This first switch S 4, S5 also can only be represented by a switch.When first reduction voltage loop 31 is done the time spent, this switch then connects DC power supply 34 to this first reduction voltage loop 31.And do the time spent when the two or two reduction voltage loop 32, then this switch connects DC power supply 34 to this second reduction voltage loop 32.
Generally speaking, this diode D4, D5 are the demands of using less electric current (for example less than 30 amperes).But also application of synchronized rectification of the power supply changeover device of buck DC-DC of the present invention (synchronous rectify) technology to be improving power supply conversion efficiency, and can be applicable to the situation of big electric current (for example greater than 30 amperes).

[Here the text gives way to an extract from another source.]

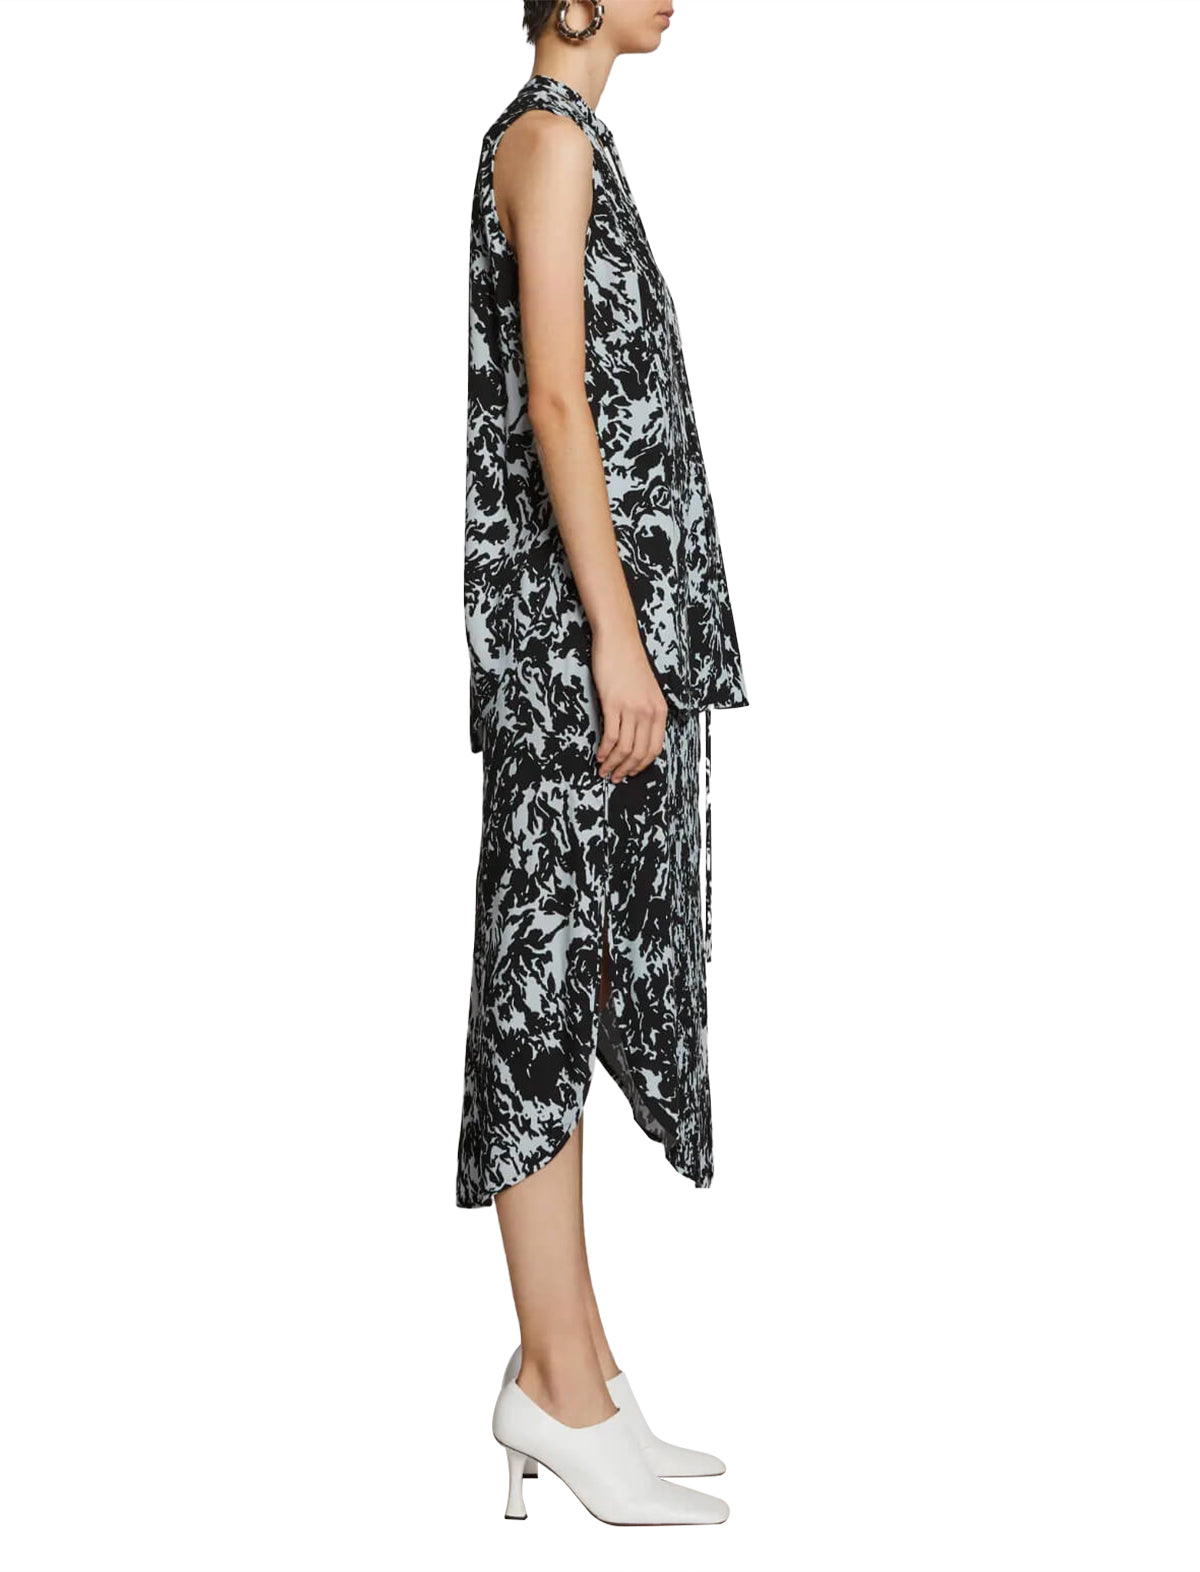 PROENZA SCHOULER WHITE LABEL Printed Georgette Sleeveless Pintuck Top

With reference to Fig. 5, this diode D4, the D5 (representative second switch) among Fig. 4 also can replace with mos field effect transistor (MOSFET) T4, T5 respectively, thereby directly controls.The path of the body diode of this T4 and T5 (body diode) and opportunity of opening circuit are opposite with this switch S 4 and S5 respectively, and for example S4 is when opening circuit, and T4 is conducting, and S4 is when being conducting, and T4 is for opening circuit.When this load 35 is that it is less to be equivalent to Io when being in underloading (light load) state, make the electric current I of this inductance L 4 and L5
L4And I
L5Lower, even may convergence or reduce to zero, and produce DCM as Fig. 6.Originally the electric charge that is stored in capacitor C 4, C5 this moment may be released in the circuit and produce adverse current, causes the loss of power source conversion.
In order to prevent that this first reduction voltage loop 31 and second reduction voltage loop 32 from the phenomenon of adverse current taking place under DCM, can in each reduction voltage loop 31,32, detector 51,52 be set respectively, in case detect I
L4Or I
L5Reduce to zero or when the adverse current phenomenon takes place approximately, be about to T4 and T5 and form and open circuit, to keep the high efficiency of power source conversion.
Because the duty ratio of the power supply changeover device of buck DC-DC of the present invention is fixed on 50%, therefore can't the apply pulse width modulated (Pulse Width Modulation PWM) controls.Yet, the power supply changeover device of buck DC-DC of the present invention can adopt pulse-skip modulation (the Pulse Skipping Modulation of frequency conversion type, PSM) control mode by the characteristic of its less quiescent current (quiescent current), can be kept preferable conversion efficiency.In addition, when being applied to heavy load condition, this first and second pulse signal can adopt lower frequency, equals to add the time that long electrical wave climbs.Review when being applied to the underloading situation, this first and second pulse signal then adopts higher frequency.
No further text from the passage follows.